DOS PALOS — Officers with the Dos Palos Police Department are battling against major cuts to their pay and benefits.
In a move made during a Nov. 6 meeting, the City Council went against a mediator's advice and cut officer pay by 5 percent. The city is also making officers pay more into their retirement and for dependent medical coverage, according to city officials.
Because the city made the move retroactive to Aug. 1, officers are getting additional money taken out of their paychecks a move their union representative thinks is illegal.
Joey Green, a K-9 officer with the department, said officers are losing nearly half their monthly salaries because of the recent decision. The officers have hired an attorney outside their union to represent them, Green said. A citizens group is also planning on going door-to-door to spread awareness about the issue.
"For us, we're just getting screwed," he said.
Green said his pay being retroactively taken has been a burden on him and his family.
"The money they're taking from me was rightfully paid to me," he said. "What they're doing is not right. The gloves are off."
But Manuela Sousa, Dos Palos' finance director, said everything was done legally and was made clear in paperwork shared with the officers.
"The city had to do this because, financially, we could not continue to pay the dependent coverage and their portion of (employee retirement)," Sousa said.
Dependent coverage and retirement was costing the city about $50,000 a year and $45,000 a year, respectively, she said. Employees now pay for any dependent insurance coverage as well as their retirement portions of 9 percent.
The mediator's report shows that the city's budget is tightening. "It is clear from the presentations made by both the city and the union, that financial circumstances are dire for Dos Palos right now," according to the report, which states that the city has an operating deficit and dropped to a general fund balance of about $60,000 at the end of the 2011-12 fiscal year from $191,365 in the 2010-11 fiscal year.
However, the city's officers earn less than others in comparable, nearby cities and are operating "with a skeletal crew," according to the report.
With the exception of the 5 percent pay reduction, the cuts from the officers are consistent with other city employees, Sousa said.
Doug Gorman, a business agent with the Operating Engineers Union that represents the Dos Palos Police Officers' Association, said he thinks the city is doing a disservice to the Police Department and the community by cutting so much from the officers.
There are only five officers working there and most might have to leave for other jobs because they won't be able to afford the cut to their pay. The result would be a less-experienced police force.
"To some of them, that was a $1,500 a month cut," Gorman said, adding that pay for Dos Palos officers tops out at $3,800 a month. "I know that at least three of them are looking for jobs right now."
The city will be taking money out of the officers' paychecks through the end of the fiscal year because of the retroactive cuts, but Gorman thinks the move is an illegal one.

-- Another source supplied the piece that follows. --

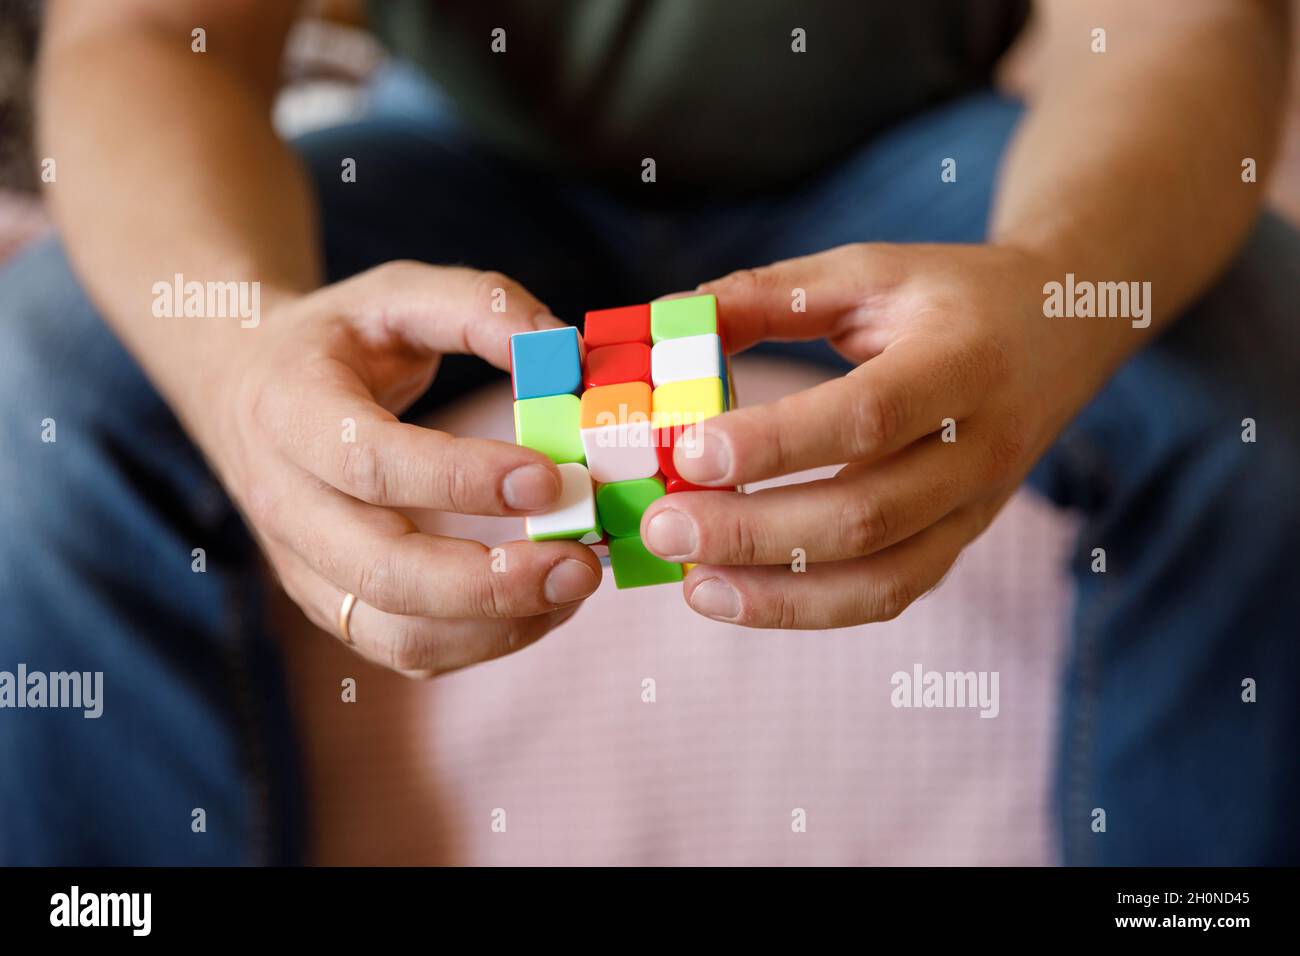 Moscow Russia October 10, 2021. Male hands holding Rubik's cube close up Rubik's cube invented by a Hungarian architect Erno Rubik in 1974. Stock Photo

The mediator advised against the retroactive take-back as well as the 5 percent cut.
The cuts made by the city will last until June 30. More negotiations could happen before then.

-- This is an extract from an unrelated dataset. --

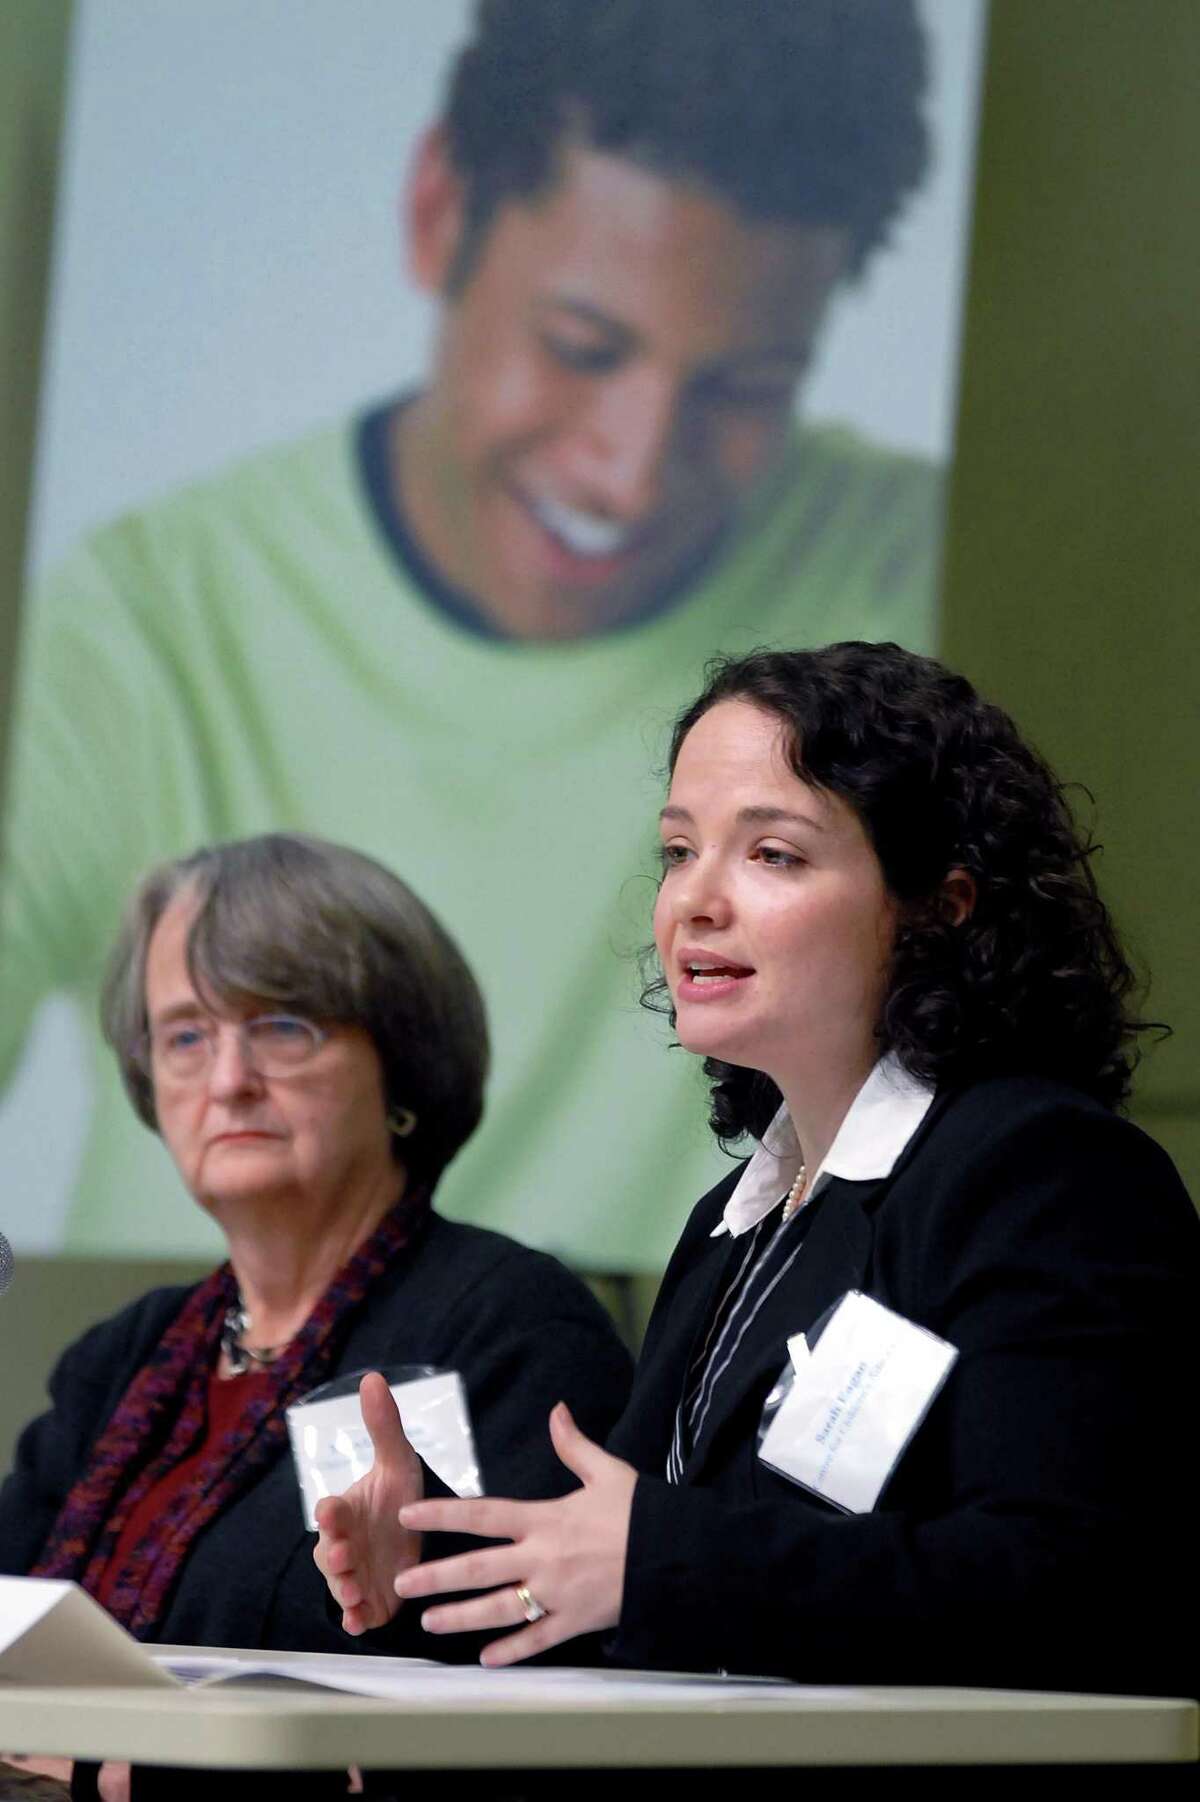 State Child Advocate Sarah Eagan, right, in a file photo.

City Manager Darrell Fonseca and Mayor Johnny Mays said the process was done appropriately and legally.
Fonseca said the 5 percent pay cut imposed on the officers might have been avoided if they had not dragged out the negotiation process, which created extra expenses for the city.
Fonseca and Police Chief Barry Mann got raises about a year ago of less than 10 percent, but Fonseca said the cuts to police are the result of the city's overall financial picture and can't be attributed to any one action.
Fonseca did take a voluntary pay reduction shortly after getting the raise to prevent his salary from going up. Now that the negotiation process is over, Fonseca said he hopes all employees and taxpayers can move forward.